Application Requirements
Application requirements drive the development of the application. They fall into the following categories; Use Case Requirements, Business Requirements/Rules, Functional Requirements, Technical Requirements, User Interface Requirements, “Look and Feel” Requirements and Navigation Requirements. There are some very fine lines between these types, and the ultimate strategy may be to combine these categories as needed.
Use Case Requirements
These start in the form of Use-Case Documents, but can be broken down into individual
requirements. The use case describes the basic flow of the system, alternate paths through the system. Business Rules, Navigation and User Interface requirements are all derived from the use case, and are traced from it.
Business Requirements/Rules
A Business Requirement or Rule is something that is specific to the business. These are
sometimes listed as “non-functional” requirements, as they do not have any function to them. The rules exist whether or not a system exists.
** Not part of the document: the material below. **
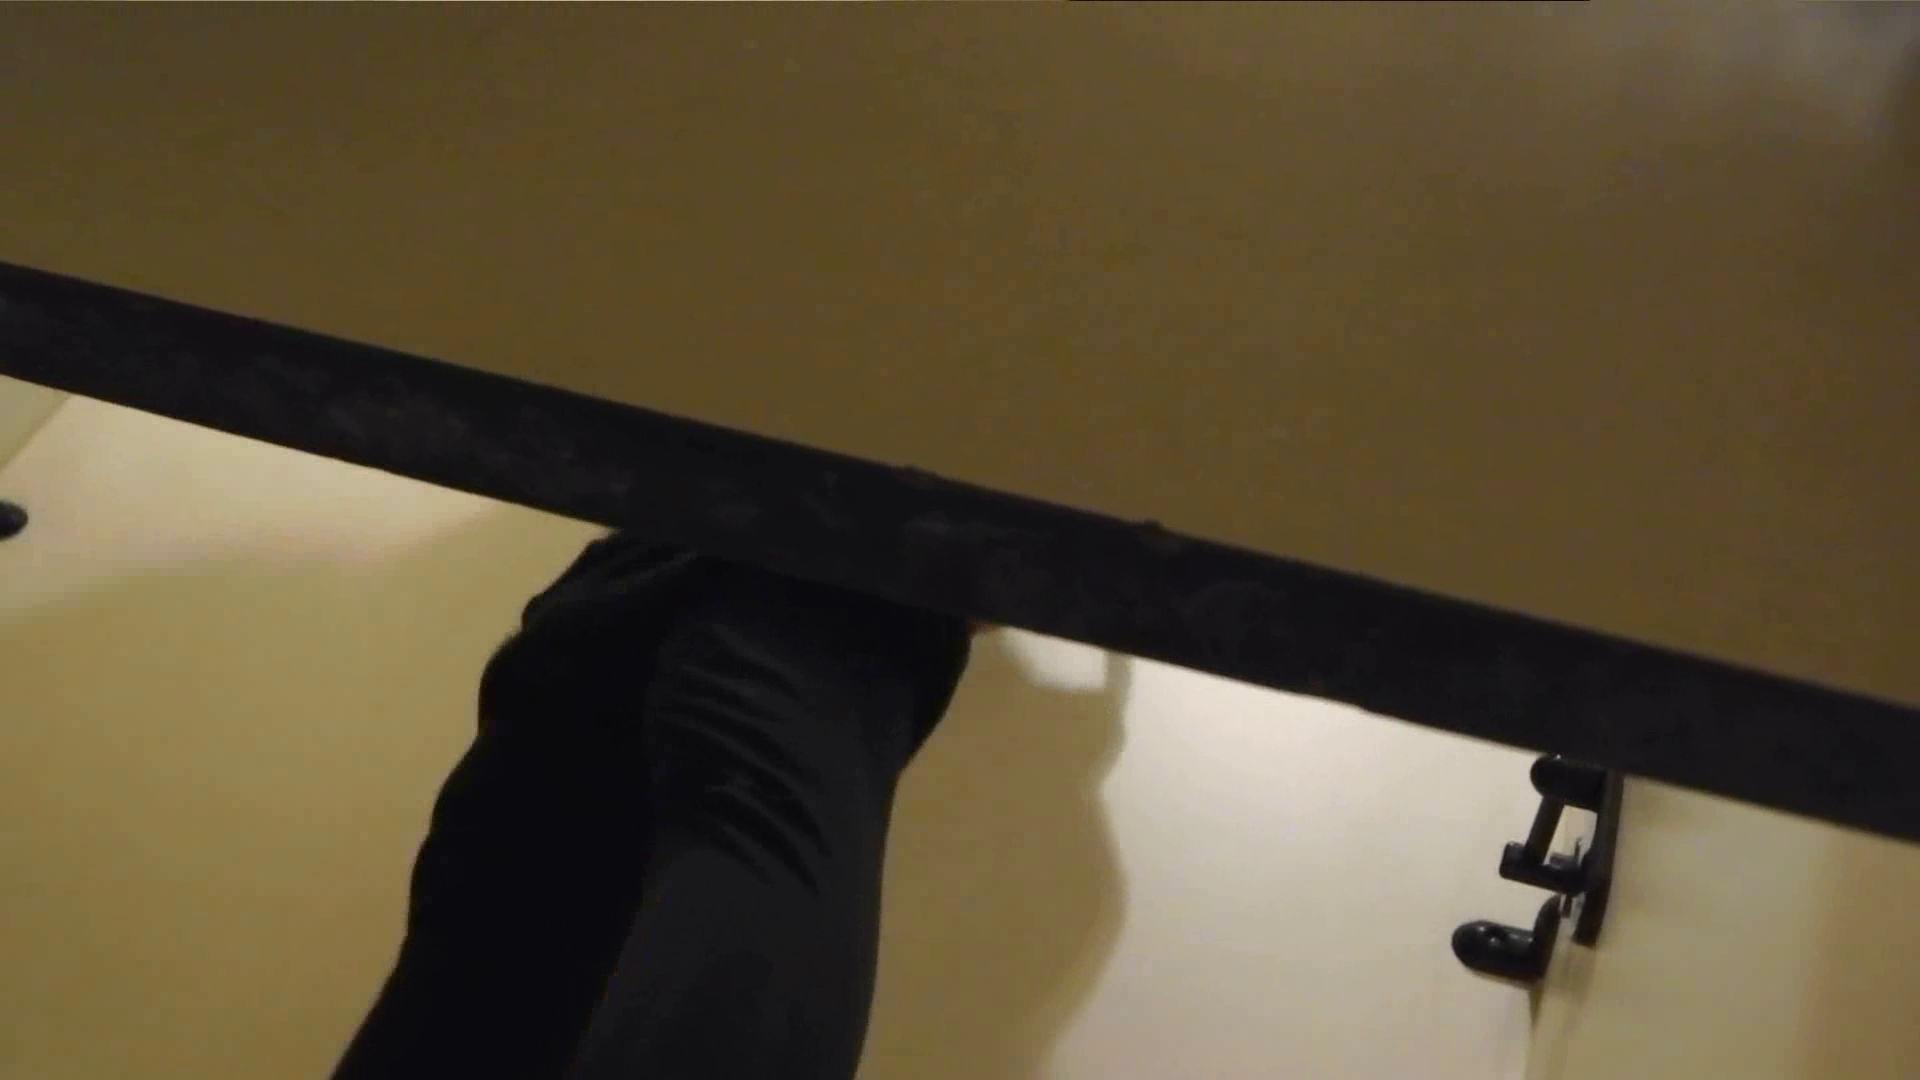 世界の射窓から vol.41 ぼうしタンのアソコ OL女体 | 洗面所  69連発 35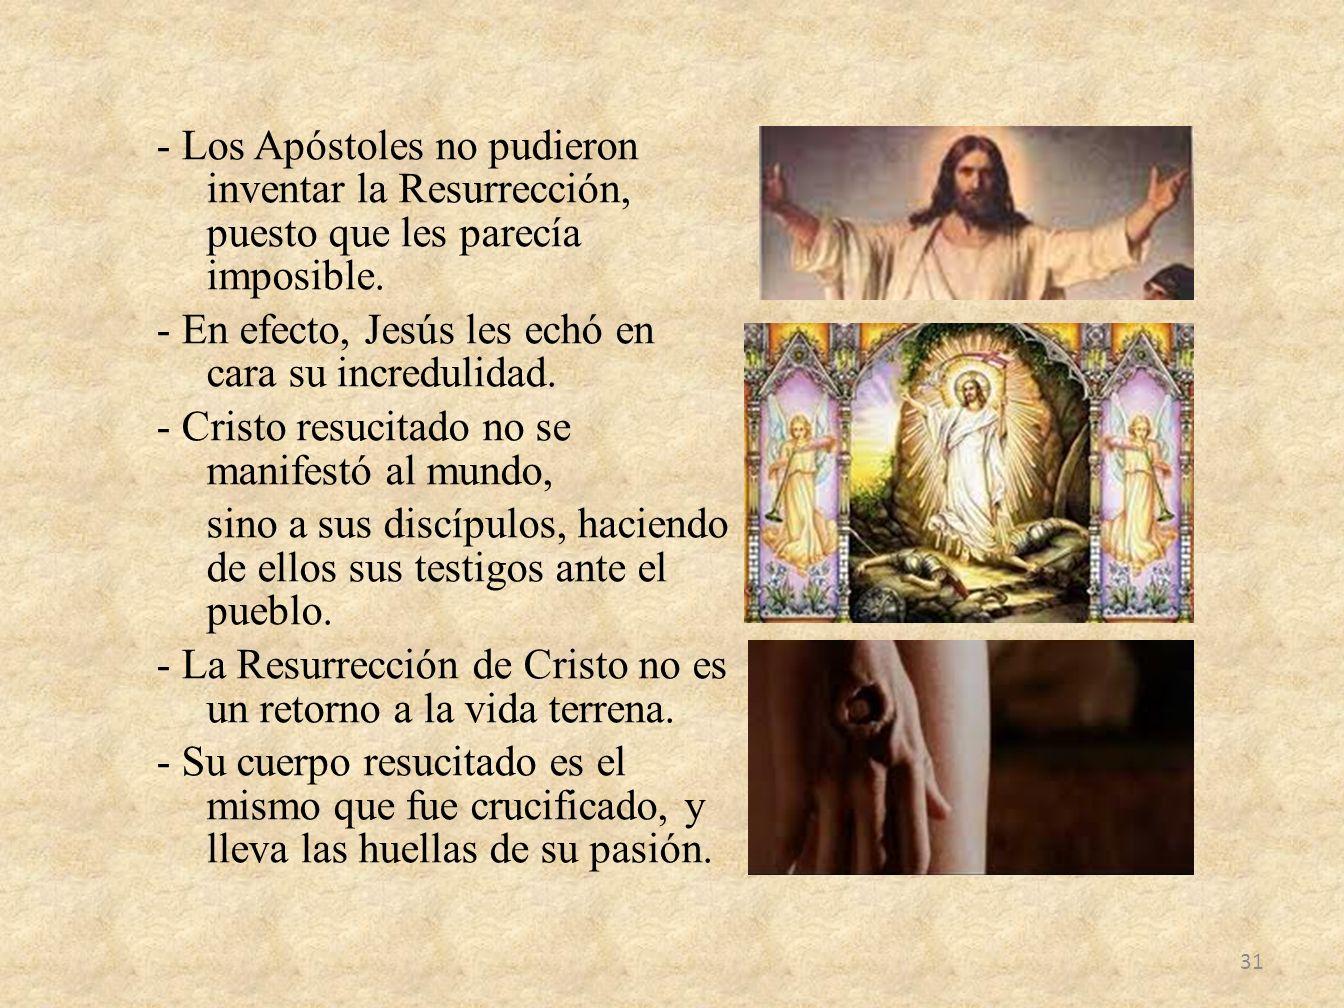 - Los Apóstoles no pudieron inventar la Resurrección, puesto que les parecía imposible. - En efecto, Jesús les echó en cara su incredulidad. - Cristo

An example of this would be, for a transportation firm,“Trucks only can travel 55 mph,” and another would be “We accept no bid less than $100,000.” This is also likely a list of data that is required to be captured, with the data including the data items needed, such as Name, address, etc. If there is a business need for data to be in a certain format, or minimum or maximum length for a text field, for example, that too is captured here. Any edit, validation, or default value that serves a business purpose is also in this category. This list of business rules is often captured in a business catalog. These are all should be traced from the use case.
Functional Requirements
These are driven and traced from the Business Requirements and Rules. They describe how a business rule is carried out, or how data is captured. These are usually in the format of “system shall do this or do that.”
Technical Requirements
These are derived during the low level design process, and sometimes during development. They are driven from and traced from the Functional Requirements. They are not “user” features of the system, but describe the low-level required actions of the system, that only a designer or developer would know. For example, “When transaction is being processed, and an error of type XYZ occurs, a rollback of the database transaction is required.” They can also include details of an error message, and error handling requirements.
User Interface Requirements
These are driven from Functional and Use Case Requirements, are traced from them both, depending on where they were derived from. They include items such as screen layout, tab flow, mouse and keyboard use, what controls to use for what functions (e.g. radio button, pulldown list), and other “ease of use” issues.
“Look and Feel” Requirements
These are driven from Functional and Business Requirements, and are traced from them both, depending on where they were derived from. These can be categorized as the “non-functional”
User Interface type requirements. They deal with how fields look, regarding font, font size,
colors, graphics, etc.
Navigation Requirements
These are driven and traced from the Use Case, as the Use Case lists the flow of the system, and the Navigation Requirements depict how that flow will take place. They are usually presented in a storyboard format, and should show the screen flow of each use case, and every alternate flow. Additionally, they should state what happens to the data or transaction for each step, for example, what happens to the data entered on a previous screen if the user decides to “go back?” They include the various ways to get to all screens, and an application screen map should be one of the artifacts derived in this category of requirements.
Based on the above Application Requirements, the Data Requirements are derived, and are traced from the Application Requirements.
Data Requirements
Based on the data needed in the Business Rules, and taking other requirements types into consideration, the database platform, database tables, columns, data types, size and other database attributes can be created.
Security Requirements
These are traced from wherever they need to be traced from, as they encompass all requirements that have do directly with the application . They mainly will come from Business Rules.
Test (Quality) Requirements/Test Cases
The Test Cases are traced from all types of requirements, and can be percived as the all en compassing box that all requirements are inside of. This shows that all requirements shall have test cases traced to it. If that test case fails during testing, the team should be able to see what higher-level requirement would not be fulfilled.
Supplementary Requirements
Traced from Data and Application requirements, these refer to the technology infrastructure and operations type of requirements, such as hardware and network requirements. There are many Operations Requirements that must also be captured, in the categories of, Administration Requirements, Maintenance Requirements, Disaster/Recovery Requirements, Skill Set of personnel Requirements, Change Management Requirements, User Documentation Requirements, Training Requirements, and Demo/Presentation Requirements. Other nonfunctional requirements that do not fall into any other category would fall into this “catch-all” category.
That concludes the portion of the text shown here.